Data were analyzed using a free homemade image processing software (http://www.tidam.fr/) running an optimized CSF/blood flows segmentation algorithm, which automatically extracted the regions of interest at each level, and calculated flow curves over the 32 frames covering the whole CC. To correct for offsets in baseline velocity, a standard background was manually delineated in static tissues adjacent to each segmented regions of interest. Mean velocity curve of this noise area was calculated and subtracted to that of regions of interest, for each frame of the CC, thereby correcting for eddy currents effects. (More information about processing available in previously published papers8, 9).

Venous, arterial, and CSF flow curves were then generated at different time-points during the CC and analyzed.

For arterial flows, the so-called ‘mean total arterial blood flow' (tABF) was calculated in mL/minute at cervical level, and corresponded to the sum of flows within left and right internal carotid arteries (ICAs) and vertebral arteries (VAs).

The so-called cervical ‘primary venous blood flow' was calculated as the sum of the venous flows within the left and right internal jugular veins (IJVs), and the ‘secondary cervical venous blood flow' as the sum of the flows within the three main secondary venous pathways: epidural (EV), vertebral (VV), and deep cervical veins.

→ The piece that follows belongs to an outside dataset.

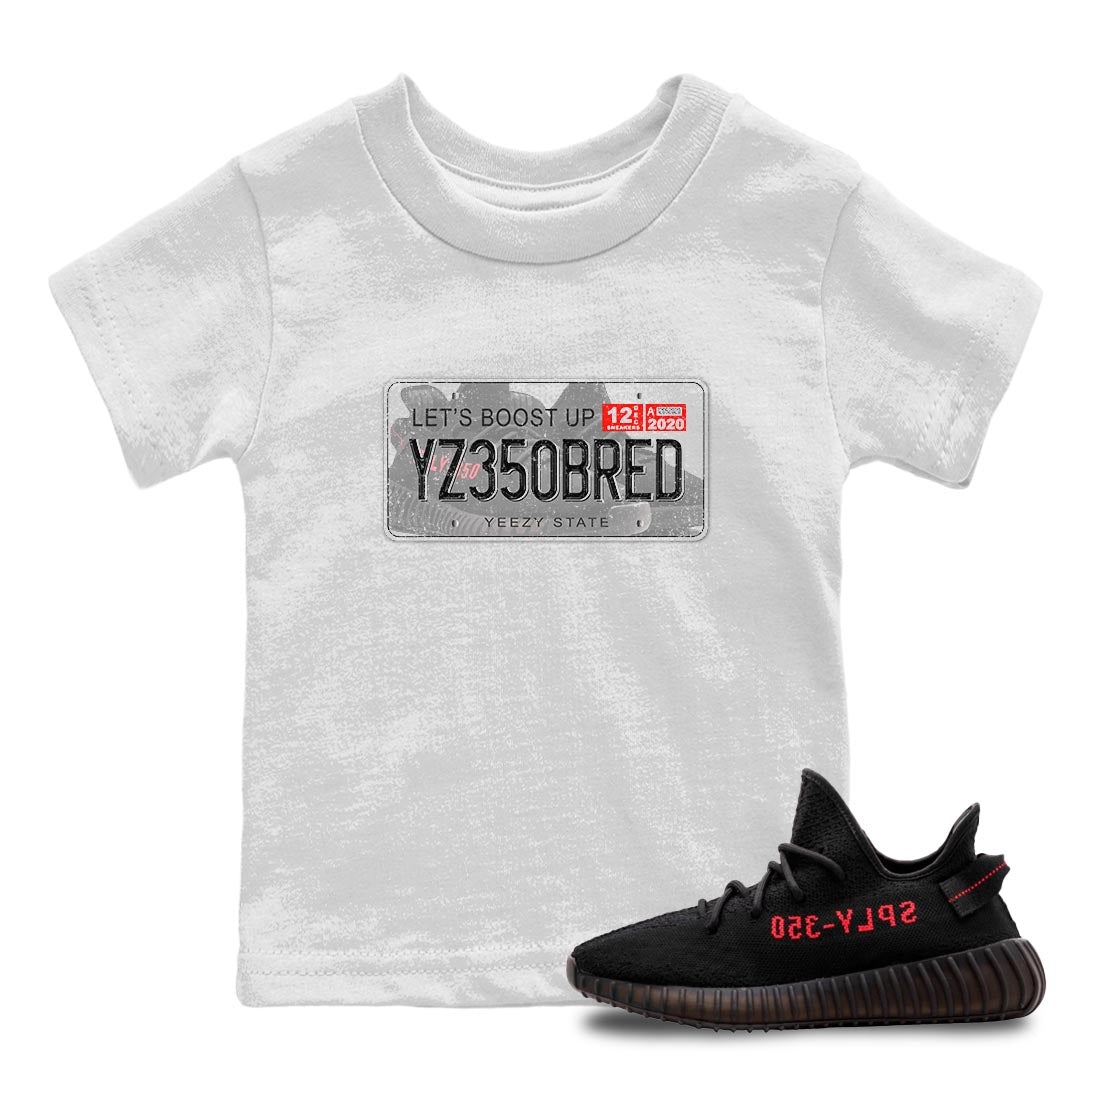 Yeezy 350 Bred shirt to match jordans Yeezy Plate Streetwear Sneaker Shirt Yeezy Boost 350 V2 Bred Drip Gear Zone Sneaker Matching Clothing Baby Toddler White 1 T-Shirt

Both primary venous blood flow and secondary venous blood flow were as well expressed as percentage of the tABF. The difference between tABF and the sum of primary venous blood flow +secondary venous blood flow corresponded to undetected venous flow, and was therefore called ‘unmeasured venous flow'.

At the intracranial level, venous flows within the major intracranial sinuses were calculated: the superior longitudinal sinus, straight sinus, and the right and left transverse sinuses.

Cerebral venous blood flow (cVBF) was defined as the sum of mean venous flows within superior longitudinal sinus and straight sinus.

In addition, we compared flow values within left versus right major arterial (ICA, VA) and venous trunks (IJV), to detect a lateral dominance. A dominant flow was defined as a side difference of more than 50% in blood flow values.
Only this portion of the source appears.